PayPal Security Flaw Allows Identity Theft

miller60 writes "Phishing scammers are actively exploiting a security flaw in the PayPal web site to steal credit card numbers belonging to PayPal users. The scam tricks users into accessing a URL hosted on the genuine PayPal site, which presents a valid 256-bit SSL certificate confirming that the site belongs to PayPal. However, some of the content on the page has been modified by the fraudsters via a cross-site scripting technique, and victims are redirected to a spoof site that requests their account details."

No signature = No liability

[neoform]

What most people don't realize is this, if your card number is stolen and someone uses it.. you aren't liable for the charge.

Unless a merchant has proof that you made the transaction on your credit card, you can always refute any charge on your credit card statement and you wont have to pay it.

Re:No signature = No liability

[goodcow]

I think you're forgetting the fact that PayPal also stores checking account information, which is far, far more difficult to get money back from in the event of identity theft.

Unless it's a debit card.

[Grendel+Drago]

Of course, if you've been silly enough to use a debit card, you're out the money for six months or however long it takes until the bank gets around to deciding that you didn't really spend the money. Happened to Tom Tomorrow.

Re:Identity "Theft"?

[llamalicious]

I agree the terminology uses terms popularized by media and designed to frighten the general public; but these crimes are hardly mundane or victimless.

I almost lost the house my wife and I were buying due to so-called "identity theft". How?

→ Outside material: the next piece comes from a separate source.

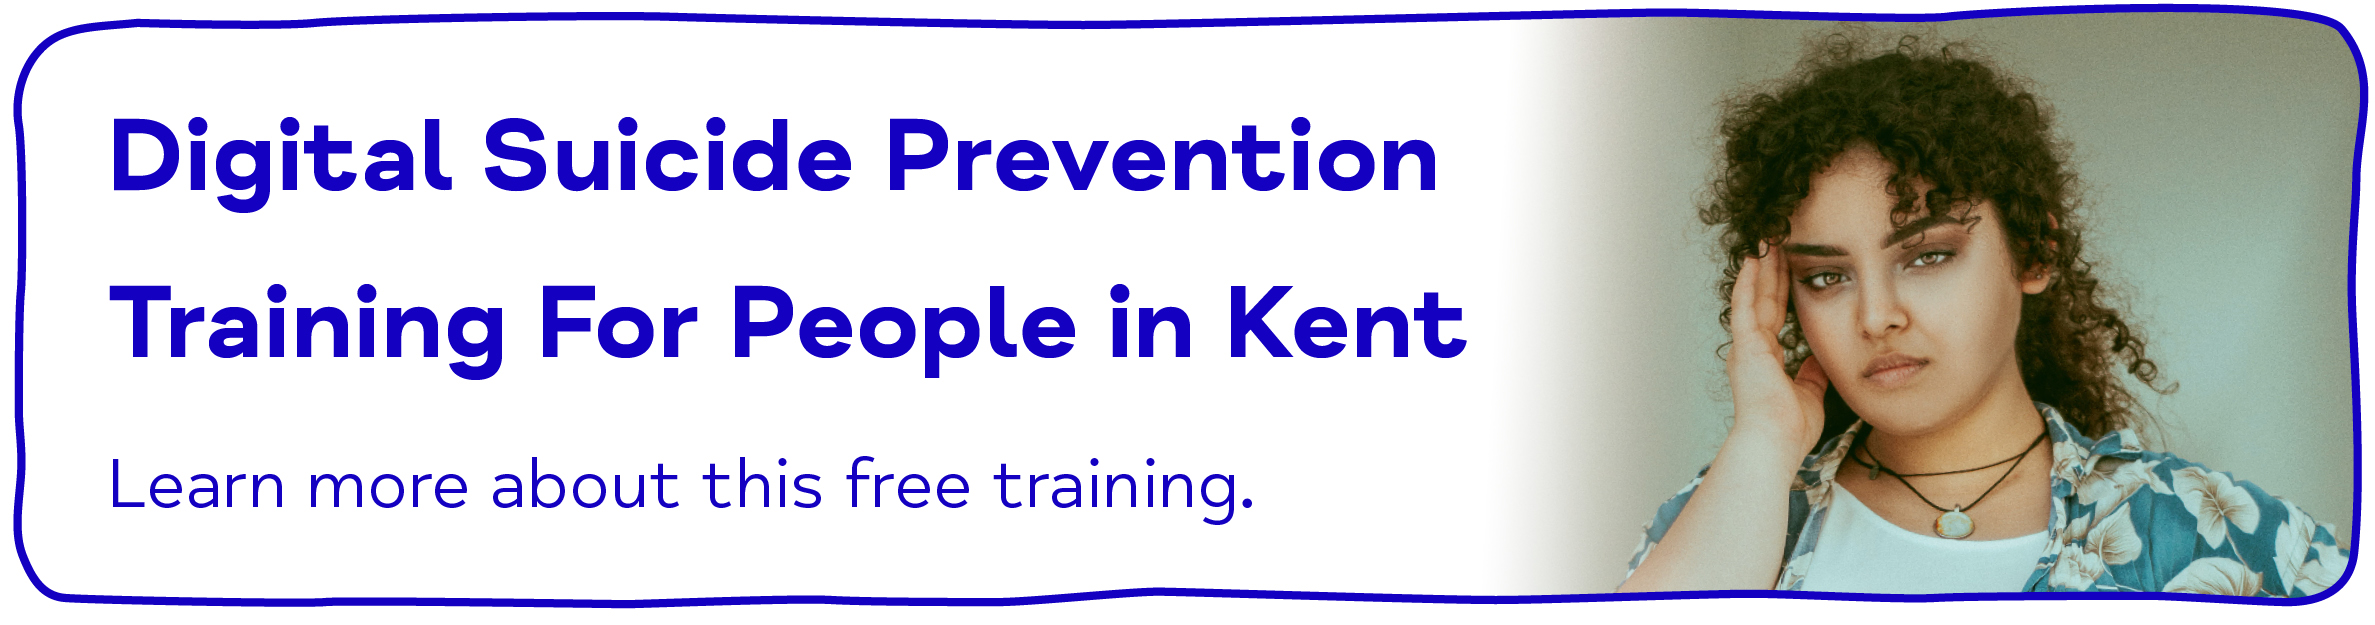 Digital Suicide Prevention Training For People in Kent. Learn more about this free training.

One part stupidity on my part (using a linked check-card/bank account to make online purchases), on part large MasterCard database hack.

Thousands and thousands of dollars of Google AdWords purchased on my card; draining my bank account completely, and into the negative even with overdraught protection. When that money goes missing days before you have to cut a certified check to the bank for your final closing costs the results are anything but mundane.

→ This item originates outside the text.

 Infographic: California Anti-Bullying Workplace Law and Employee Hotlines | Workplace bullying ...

That's just a stolen credit card; you can have your financial situation ruined for months if someone starts opening up lines of credit in your name (unbeknownst to you).

Yes, you aren't liable for credit theft; but getting your money back isn't always quick process (unless your bank/card offers 24-hour turnaround on fraud)
But when someone uses your identity and opens lines of credit, with a fraudulent signature, and your SSN and other personal information; that's an even more painful process to sort out with the credit agencies (Equifax, et. al)

Just a bit of nit-picking.

Re:how??

[shawn443]

http://www.acunetix.com/websitesecurity/cross-site -scripting.htm a good example of how.

I've got a fix

[Dixie_Flatline]

Never follow a link in an email.

It may be convenient, but in the vast majority of cases I've found that I can navigate from the main page if I know what I'm looking for. You can do basically everything from paypal.com without following the link that takes you directly to a specific page.

A few things about PayPal

[XxtraLarGe]

I don't know how people fall for these scams. PayPal tells you exactly how to avoid them:

• PayPal will always include your full name in any e-mail correspondence, not "Dear PayPal Member/User/etc."
• PayPal tells never to click on a link to log in to their site. They say always type the url: https://www.paypal.com/

Additionally, you should report all spoof e-mails to spoof@paypal.com. Hopefully PayPal will be able to track these online criminals down with the help of users.

The Cross Site Scripting FAQ

[mrkitty]

http://www.cgisecurity.com/articles/xss-faq.shtml

Re:how??

[ifoxtrot]

To answer your question, in short the attack doesn't work if you visit http://paypal.com/ manually.

What an attacker can do is craft a URL that *is* to paypal.com but contains the injected material (i.e. script) inside the URL. In short the paypal.com servers suffer from a vulnerability which allows the execution of this material (passed as an argument in the URL) -- and thus executes the script on the victim's browser. Because of this, the SSL connection is correct, but it appears that paypal is telling you that you need to go to another website to change your credentials.

You still have to get someone to click on the crafted URL for this to work though (hence why phishers are doing this, they're sending emails, or whatever.) so it's not going to work for people who don't click on the URL in phishing emails.

What I'm wondering is why someone would click on a link in a scam and then worry that the SSL certificate is genuine! Someone who knows enough to check the certificate is probably clever enough to ignore phishing scams...

Remember, you can report such fraud email

[WillAffleckUW]

by sending the full headers and links to spoof@paypal.com

It doesn't need to be

[a16]

There is no reason for them to make the home page https - they probably serve millions of visits to this page daily, why serve all the people who just want to read about Paypal or check the help section using SSL and waste processing power?

The login form submits using POST over SSL - the action of the form is using an https target. Your browser therefore sends all your details securely:

<form method="post" name="login_form" action="https://www.paypal.com/

In other words, it's no wonder they haven't fixed it - nothing is broken.